Sales Down? Time To Dial Down The SKUs


While all marketers are wrestling with what this recession will mean to consumer spending patterns in the months ahead, savvy retailers are sifting through spending data to learn how they can use the downturn to their advantage--redefining the way they serve their core audiences.

Karla Martin, a partner with Booz & Co. who specializes in organization and strategy for consumer products and retail clients, says it's all about smart allocation--stores devoting more space to what consumers want, and limiting the offerings that simply get in their way. Done well, it boosts profits and customer satisfaction. In fact, Booz says it's the biggest trend in retailing since the Big Box. Martin explains how companies can reallocate resources and win new customers, even at a time when business is down.

Q: What do customers want from retailers?



A: Well, it depends on types of stores, of course. But in general, there's a widespread consumer frustration out there, with many shoppers feeling there are too many choices, presented in a way that's needlessly complicated.
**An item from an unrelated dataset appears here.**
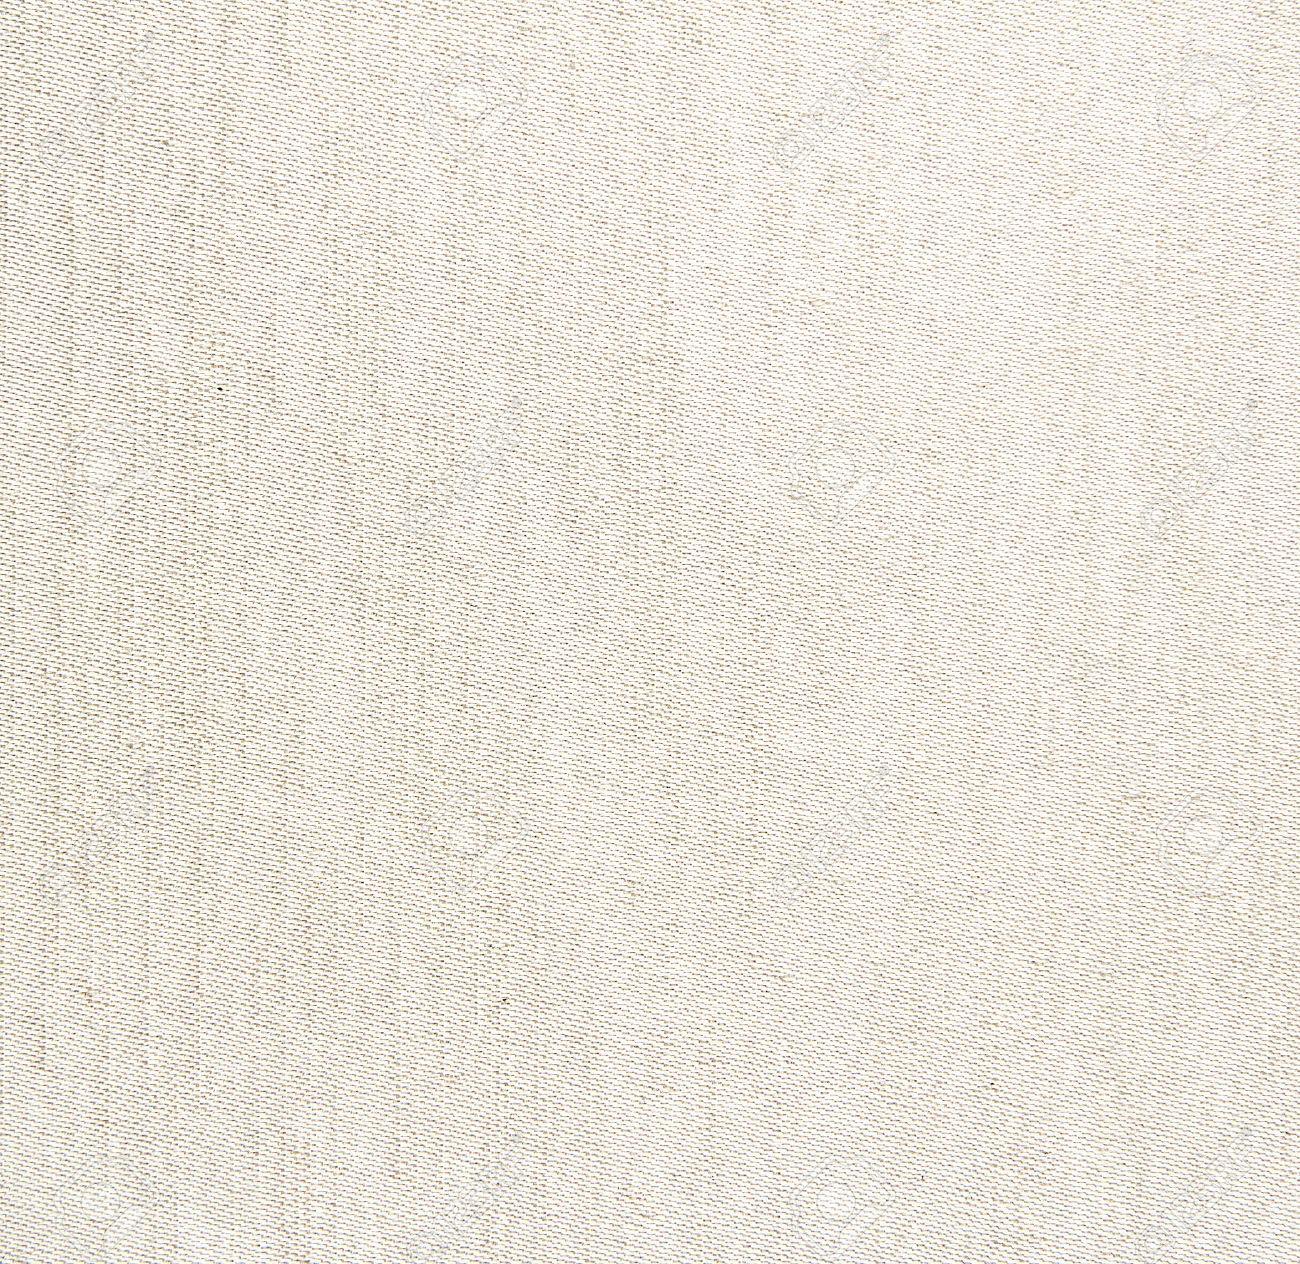 High resolution seamless linen canvas background - 13158560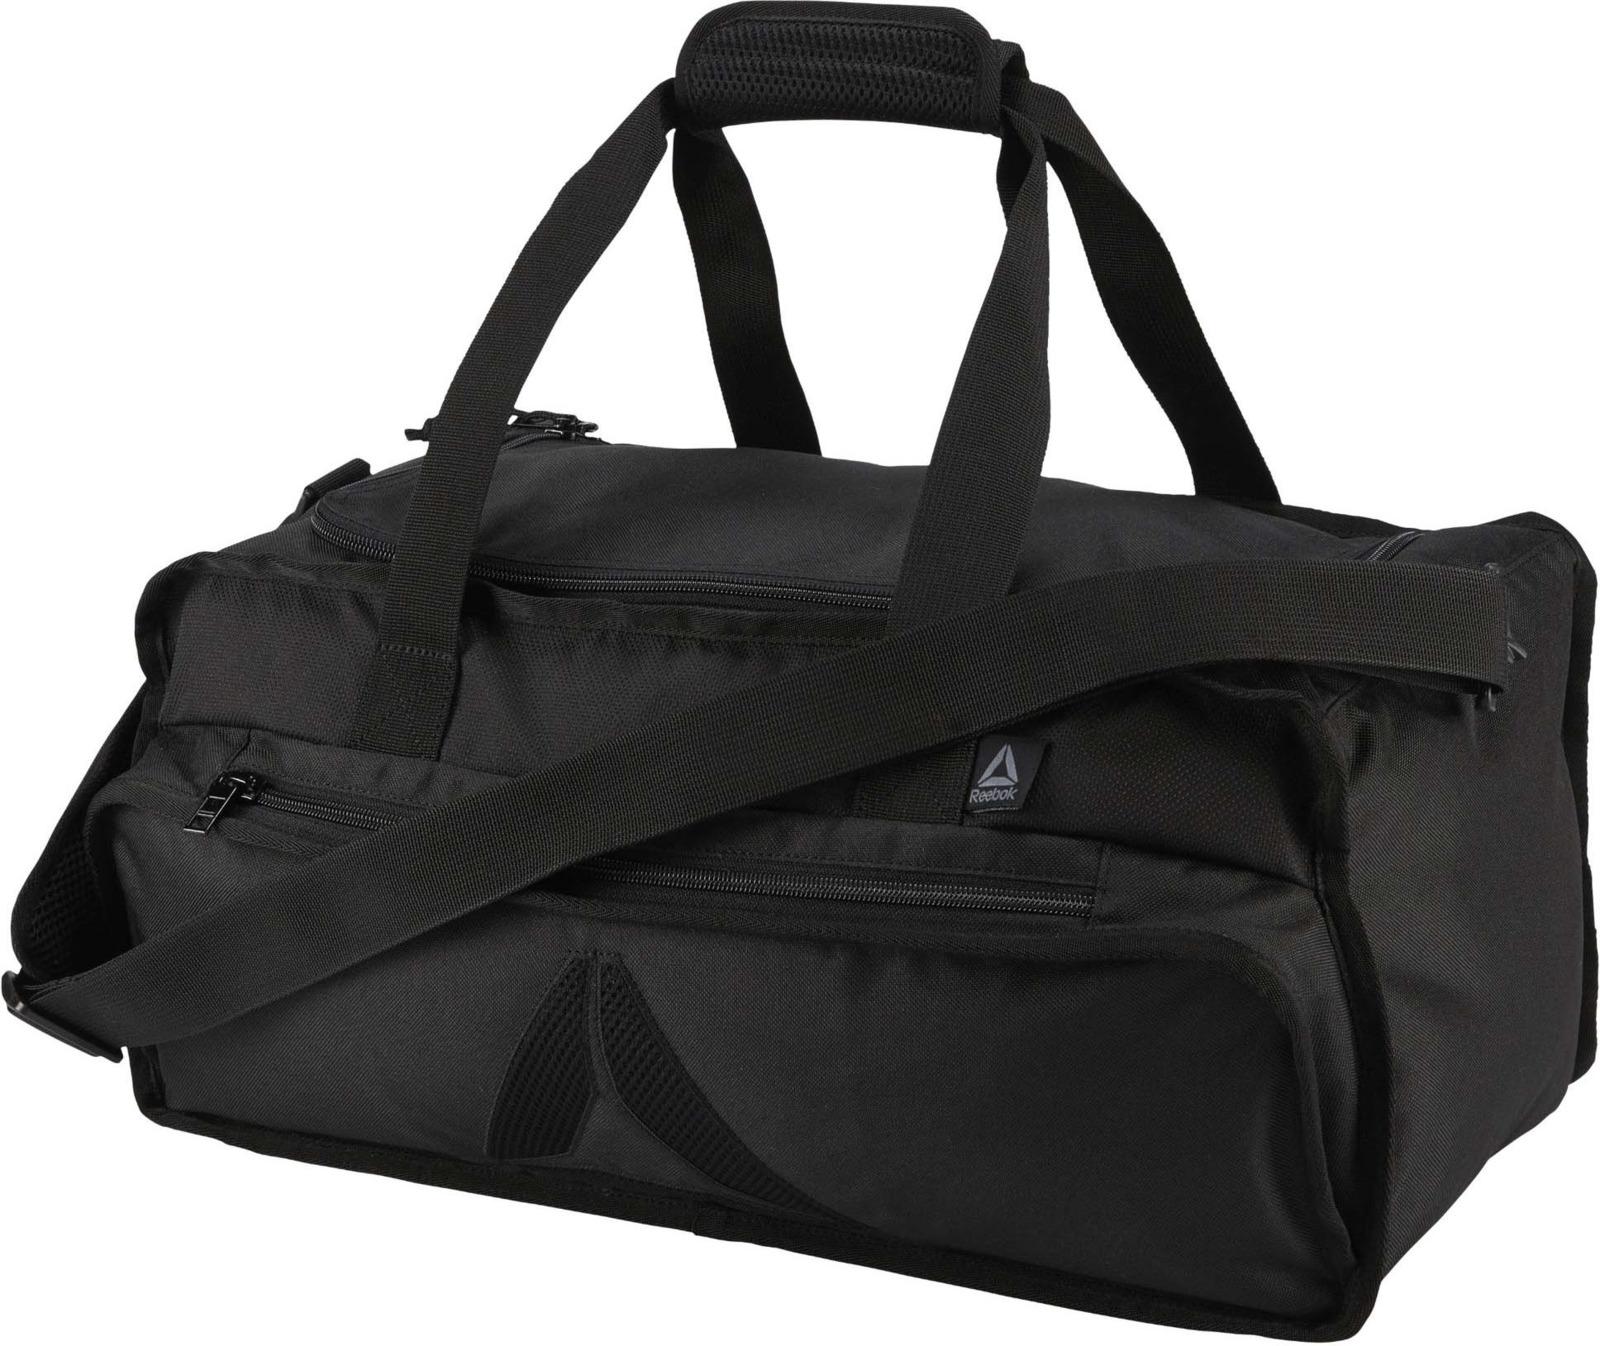 Сумка Reebok Act Enh Grip M, цвет: черный. DU2906 куртка мужская reebok od dwnlk jckt цвет черный d78631 размер m 50

So in apparel, they want stores to be curators. You don't go to a museum to see every landscape ever painted--you want to see things from the 18th-century pastoral school. They want that kind of editing. They want retailers to stock brands that show they understand a certain lifestyle, especially now, coming off five years of hard-core brand identification. Take Juicy Couture. Fans know it's come a long way beyond that pink sweatsuit with "Juicy" on the bottom. They think, 'this brand knows I dress up sometimes, and that sometimes I want new sunglasses.'

In grocery stores, they see way too many SKUs. The average household buys something like 650 SKUs in a given year--a tiny fraction of the million or so that are out there. Many stores have seen category sales go up 25 to 50% when they streamline--consumers don't necessarily want to see five sizes and seven scents of every single household cleaner.

Q: So is it as simple as cutting back on the products that don't sell?

A: No, it really takes careful analysis and smart segmentation, often at the local level. Sometimes, when stores edit their offerings from a "long tail" perspective, they can wind up cutting off their tail to spite their face. One of our clients sold an organic cereal made by Weetabix, and it didn't really do well. But it turns out that the people who did buy this particular cereal tended to buy almost exclusively green items, and had a bigger basket than other shoppers at the end of the trip.

Chains also need to figure out what's missing. In some stores, Kroger now sells milk in three-quarter-gallon containers for people who found a gallon too big and half-gallon too small.

Q: Do you think the outlook for retail is bleak, as so many others seem to feel these days?

A: I think the news of the demise of retail has been widely exaggerated. Players in the value end, like Walmart now and eventually Target, will do well. And I believe there's a lot of pent-up demand in the luxury end of the business. And some stores are really serving their customers: Ralph Lauren shoppers identify with that lifestyle, and the stores know how to offer an assortment that's constantly appealing.

Q: How will specialty retailers fare?

A: If they were struggling already, the recession is just sort of the straw that breaks the back of things. More or less, the Gap's Old Navy appeals to the same value customer as Walmart, but Walmart is doing well, and Old Navy isn't. Yet the Gap's Banana Republic is doing relatively well--it's gotten laser-sharp in how it defines its brand, skirting the edge of fashion without being too fashionable. How did Ann Taylor go from being a chain that always seemed to get it right to being so dowdy?

Q: Is the recession actually changing consumer behavior, or are they the same, and just spending less?

A: They're spending differently--they are wearing their old clothes, and not paying attention to things like hem lengths. But they are buying new accessories. Consumers are buying less, and part of the reason is that they are being choosy.